Unnamed: 0,0.001,0.01,0.1,1.0,10.0,100.0,1000.0
overall accuracy,0.930429,0.928141,0.929476,0.928904,0.928714,0.929096,0.929095
accuracy on class 0,0.984596,0.981556,0.982162,0.982772,0.982165,0.981959,0.98195
accuracy on class 1,0.069623,0.07619,0.084405,0.069524,0.070119,0.080952,0.082894
accuracy on class 2,0.074134,0.105087,0.139177,0.083225,0.108983,0.133983,0.124892
total cost,658563.9,658571.85,652914.05,658370.65,654790.3,651038.85,654992.25


In [76]:
#Weighted logistic regression
weighted_logistic = LogisticRegression(C=100, class_weight={0:0.7, 1:10, 2:10})
weighted_logistic.fit(x, y)
weighted_log_scores = score(weighted_logistic, x, y)
weighted_log_scores

overall accuracy             0.933473
accuracy on class 0          0.985008
accuracy on class 1          0.092511
accuracy on class 2          0.168675
total cost             6286907.000000
dtype: float64

In [77]:
#Weighted logistic regression
weighted_log_scores = score(weighted_logistic, x_test, y_test)
weighted_log_scores

overall accuracy             0.802348
accuracy on class 0          0.985390
accuracy on class 1          0.064677
accuracy on class 2          0.030000
total cost             6341513.500000
dtype: float64

In [26]:
print('minimimum cost on train:', cost(y, y))
print('minimimum cost on test:', cost(y_test, y_test))

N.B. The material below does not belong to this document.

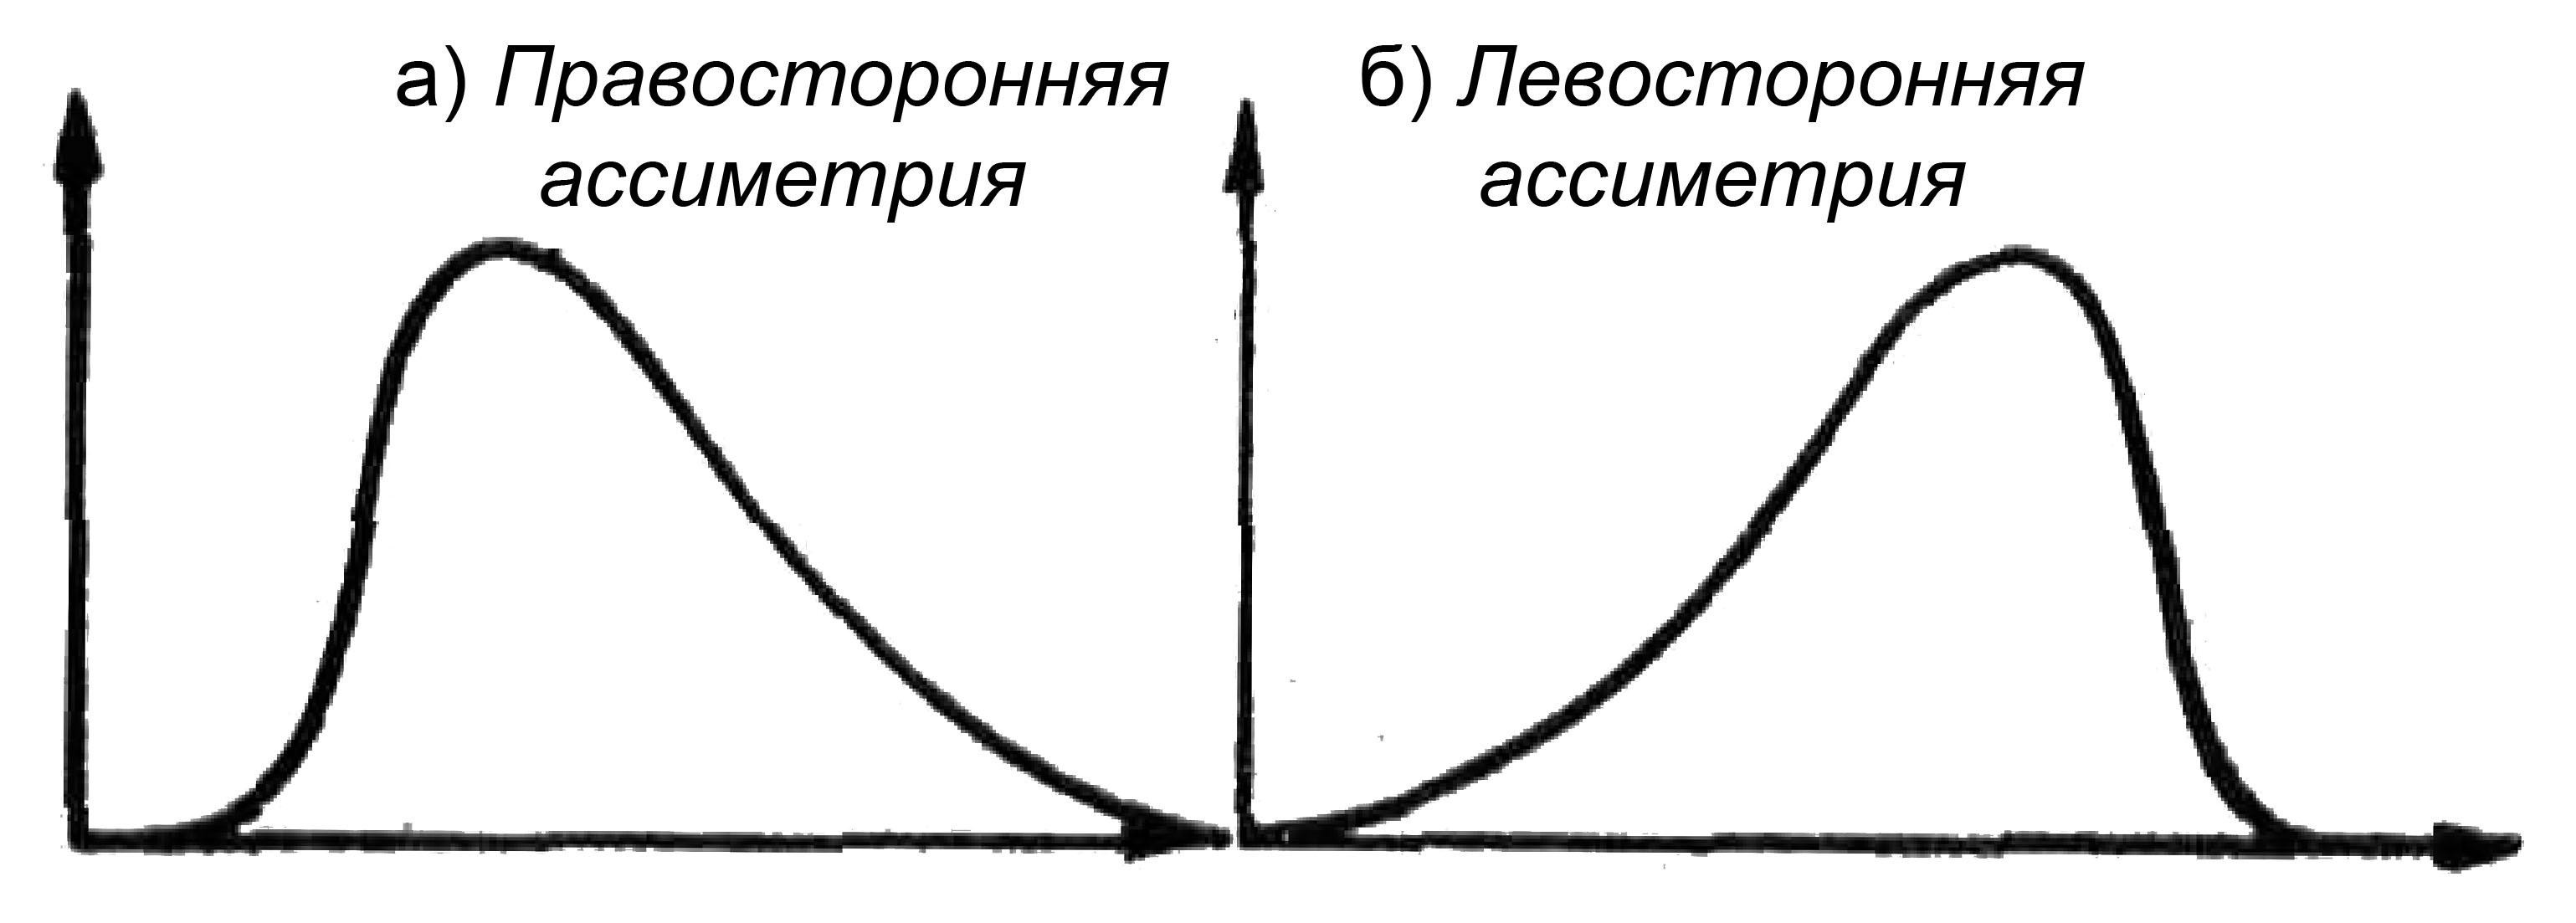 Вид графика в зависимости от значения коэффициента асимметрии

minimimum cost on train: 1368840.0
minimimum cost on test: 1277630.0


In [27]:
print('simple model cost on train:', cost(y, np.array([0] * len(y))))
print('simple model cost on test:', cost(y_test, np.array([0] * len(y_test))))

simple model cost on train: 6859750.5
simple model cost on test: 6812989.0


In [28]:
print('simple model cost on train:', cost(y, np.array([1] * len(y))))
print('simple model cost on test:', cost(y_test, np.array([1] * len(y_test))))

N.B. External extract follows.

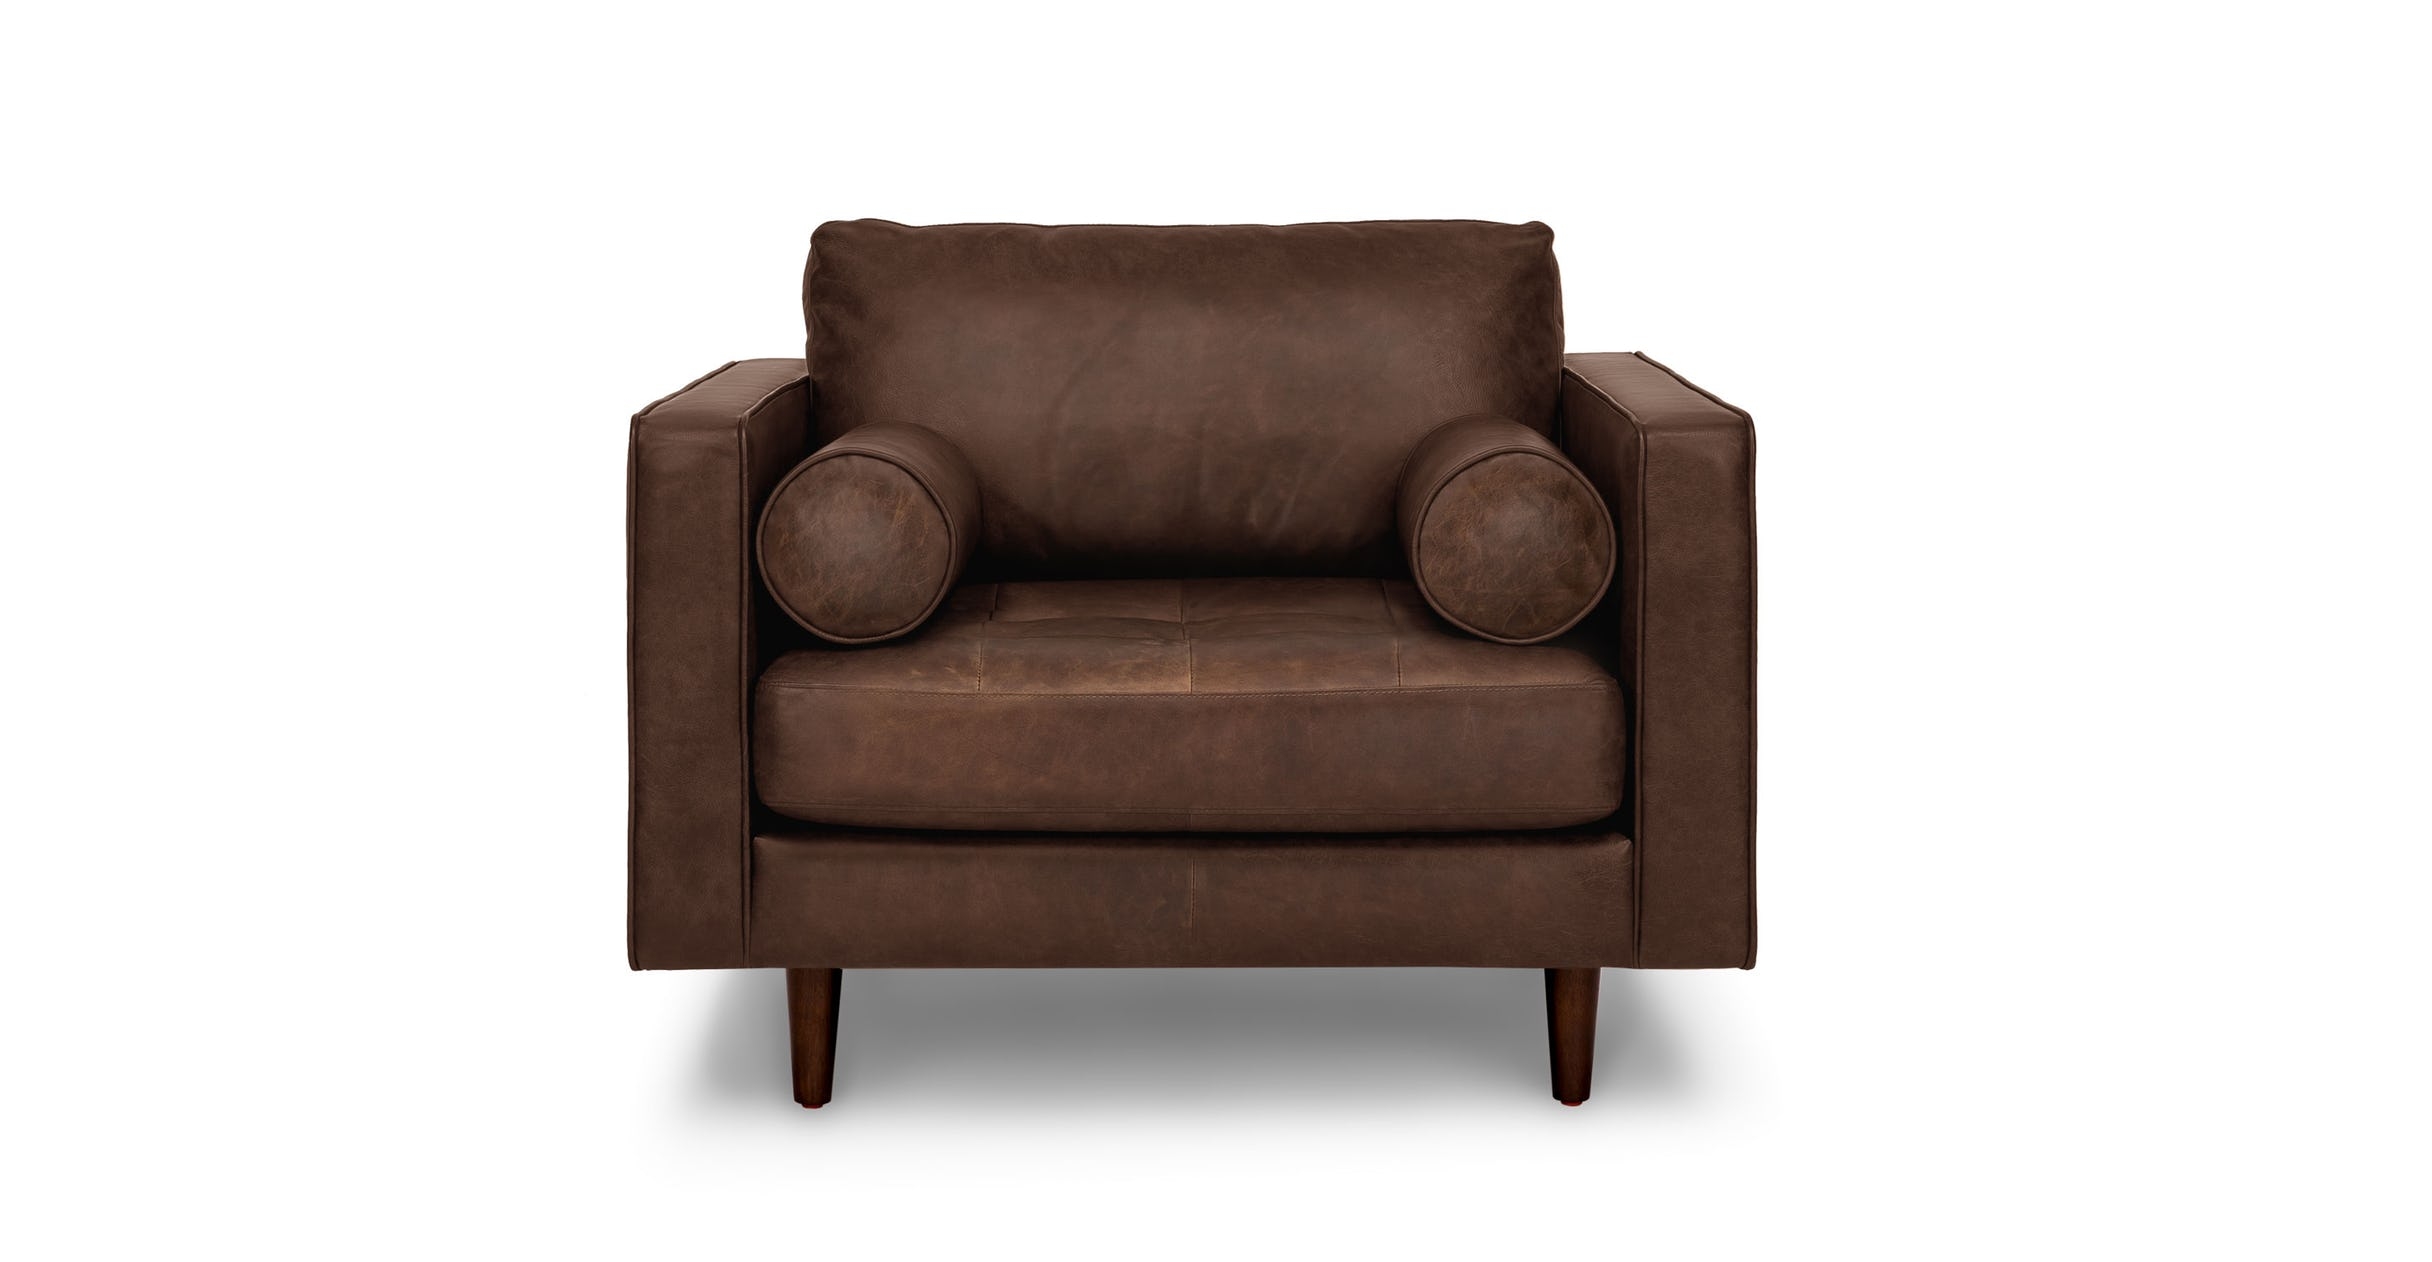 sven charme chocolat chair - Image 0

simple model cost on train: 22326200.0
simple model cost on test: 7037445.0


In [29]:
print('simple model cost on train:', cost(y, np.array([2] * len(y))))
print('simple model cost on test:', cost(y_test, np.array([2] * len(y_test))))

simple model cost on train: 24297163.5
simple model cost on test: 8294454.0


Yay! We beat the benchmarks on the observed data and did pretty good on test data!